Q3: The results rely mainly on classification accuracy. Standard performance measures such as precision, recall, specificity, and F1-score should be included to allow readers to assess model robustness and to compare results with related studies. In addition, the interpretation of the Bayesian test would be clearer if the probabilities were complemented with confidence intervals or variance estimates.
A3: Precision, recall, specificity and F1-scores are now provided in Table 4 for all models (original version vs uncertainty-aware version using the best acceptance threshold t). As for the request about the confidence intervals of values obtained from the Bayesian test, in our case this is simply reduced to showing the histograms of the predicted probabilities Um according to the original gtruth class and cutting the tails to get a 95% interval. Keep in mind that these distributions are not Gaussian. However, we believe that adding this information will inevitably increase the complexity of the article which is already quite dense. Hence, we prefer to keep it simple and consider the results of Section 2.5.3 in Table 5 as just another metric that complements the ones shown in Table 4 and Fig. 5 to understand the behaviour of models.
Q4: The discussion focuses heavily on numerical comparison between models, but gives limited attention to biological and physical interpretation. For instance, the manuscript mentions that variations in mARI and mARI2 are linked to anthocyanin content and disease stress; this point could be developed further to highlight physiological insights. Similarly, the relationship between uncertainty distributions and the optical properties of infected leaves could be discussed.
A4: Biological and physical interpretations are beyond the scope of the article, which was the demonstration of the applicability of our uncertainty-aware models to tackle complex phenomena like FD. Our previous works (refs. 30-31) already explored the effect of specific VIs and link them with the leaves’ physiological status, as well as the background literature cited in the Introduction Section. Alongside this topic, we also added a discussion about the relationship between uncertainty and optical properties in the new Discussion section (3.1).
Q5: Figures are informative but dense, mostly Figure 3. Figure 5 combines five models, confusion matrices, and trend graphs in one page, which makes it visually overloaded; splitting the panels or moving supplementary details to an appendix would improve readability. Table 2 should be formatted using consistent mathematical notation, with clear indication of wavelength ranges and units.
A5: We understand the concerns of the reviewer about Figure 5, however splitting it will reduce its effect since it must be read all together to allow quick comparison of results among models and the effect of the applied uncertainty-aware structure. As a result, Figure 5 is a central figure for discussing results and cannot be split nor moved to supplementary materials. As for Table 2, we changed the mathematical notation to make wavelength ranges clearer as requested.
Q6: The abstract is coherent and informative, but should be more quantitative. It is recommended to report the best model explicitly, the achieved accuracy per class, and the key result regarding uncertainty reduction. The current phrasing “the best models belonged to the class of decision trees” should be replaced by a precise statement such as “the ensemble of bagged decision trees achieved 75.7% accuracy for asymptomatic samples, outperforming the baseline model by 26 percentage points”.
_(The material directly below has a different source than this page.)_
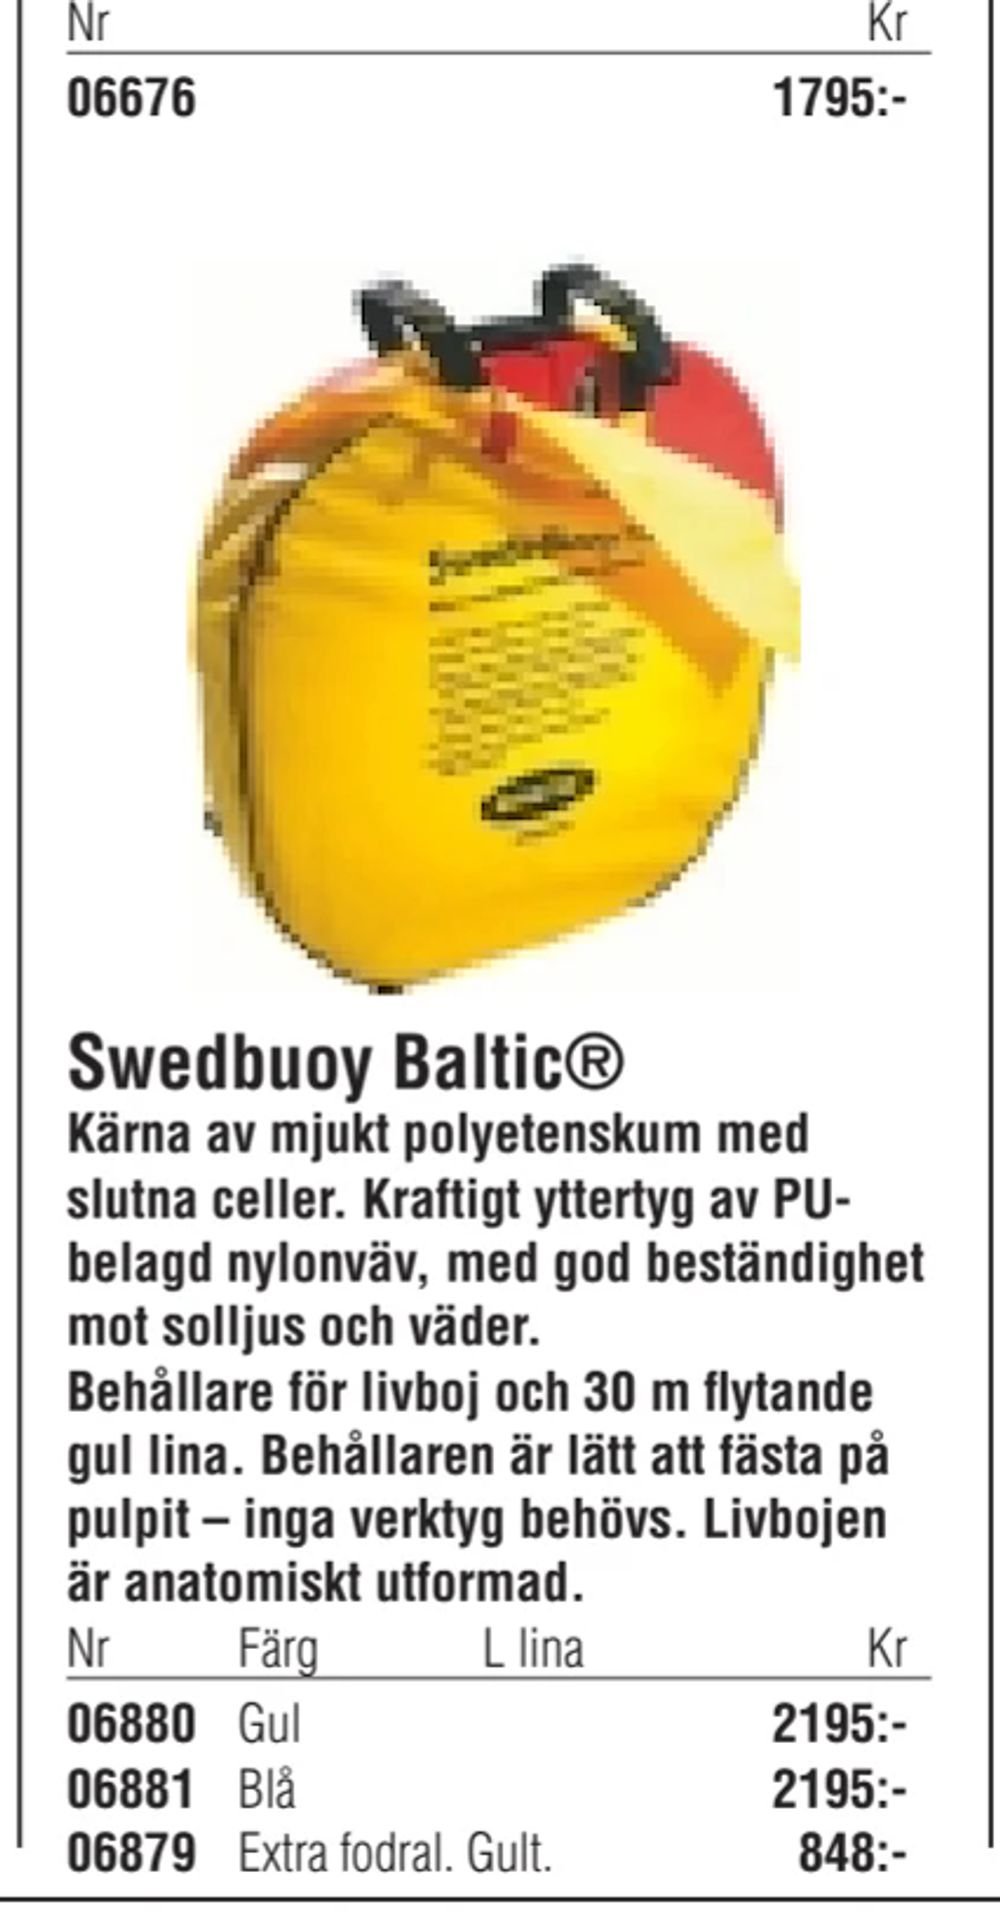 Erbjudanden på Swedbuoy Baltic® från Erlandsons Brygga för 2 195 kr

A6: We modified the abstract as requested.
Q7: The introduction provides a thorough review of FD detection methods and hyperspectral imaging. However, several paragraphs (lines 25–110) repeat background information and could be merged. The final paragraph should clearly articulate the research gap, hypotheses, and main objectives in a concise manner. A short statement outlining how uncertainty quantification improves the diagnostic reliability compared to previous machine learning studies would enhance the narrative focus.
A7: Lines 25-110 outline the background information including the disease’s characteristics, economic impact on EU countries, current methods for diagnosis and research background to address it. Therefore, we think all the information contained in these lines is necessary to understand the context of our work. We modified this section to make it less verbose while keeping all the necessary information. As for the last paragraph, we edited it accordingly outlining the impact of uncertainty on the detection of asymptomatic FD samples.
Q8: Explain why only the 400–1000 nm range was used when previous studies also emphasize 1600–2200 nm as informative for FD (Obviously, it will be related to the sensor used, but it is important to address this matter.).
A8: The reason was technical: we did not have a sensor capable to get readings outside of the specified range of 400-1000 nm. Nonetheless, the majority of studies cited as background literature show that a lot of information is already contained in the range 400-1000 while only a few interesting properties can be obtained in the range 1600-2200 (mostly affected by scattering effects). We agree that including this range can be an additional information useful to better characterize the phytoplasma symptoms, hence we mention it in the new “Limitations of the study” Section (Section 3.2).
Q9: Justify the use of quartiles and mean instead of other statistical descriptors such as standard deviation or skewness.
A9: In our previous work (ref. 31) we used also outliers, the position of the boxplot whiskers, kurtosis and skewness alongside the other 4 predictors we used in this work, but noticed that their impact was relatively low compared to the 4 we chose. Hence, we decided to discard them to keep the number of predictors to a reasonable number (4 predictors x 10 VIs) without losing prediction capacity. We added this motivation in the “Discussion” section to clarify our choice.
Q10: Specify whether Z-score normalization was applied globally or per class, as this affects the comparability of predictors.
A10: Z-score normalization was applied globally. This information was clarified better in the text in Section 2.3.2.
Q11: Provide the exact number of pixels analyzed per leaf and whether any data-balancing strategies were used beyond equal class sizes.
A11: All leaves in our dataset are different; as a result, the number of pixels that represent them are different. We already provided a pixel range in the text (100k – 300k depending on the leaf’s size). This information is now contained in the new Table 3 instead. Other data-balancing techniques are not needed since we (1) collected the same amount of samples per class, and (2) compute the leaf’s statistics so that only a statistical summary of the leaf’s VIs values is reported in the final dataset (one row per sample), thus reducing the impact of the number of pixels in the leaf. This is already explained in the text in Section 2.3.2, nonetheless we slightly modified this Section to make our point clearer.
Q12: Discuss the potential impact of natural illumination variability on the reflectance values and how it was controlled.
A12: The variability of natural illumination mostly impacts the light scattering effects appearing in range > 800 nm. These effects are kept under control since we adopted VIs that consider a span of wavelengths and compute means averaging these values with other ones captured at lower wavelengths. The range > 800 nm was not used by the VIs considered in our work (see Table 2 for their formulation). We added this information in Section 2.3.2.
Q13: This section is conceptually interesting but mathematically dense. The explanation of the probability aggregation (Pm, Zm, Um) would be clearer with an intuitive summary preceding the equations. The statistical meaning of the acceptance threshold t and its implications for classification outcomes should be described in practical terms. Equation (1) appears complex and may be unfamiliar to many readers; providing a brief derivation or reference justification would be helpful.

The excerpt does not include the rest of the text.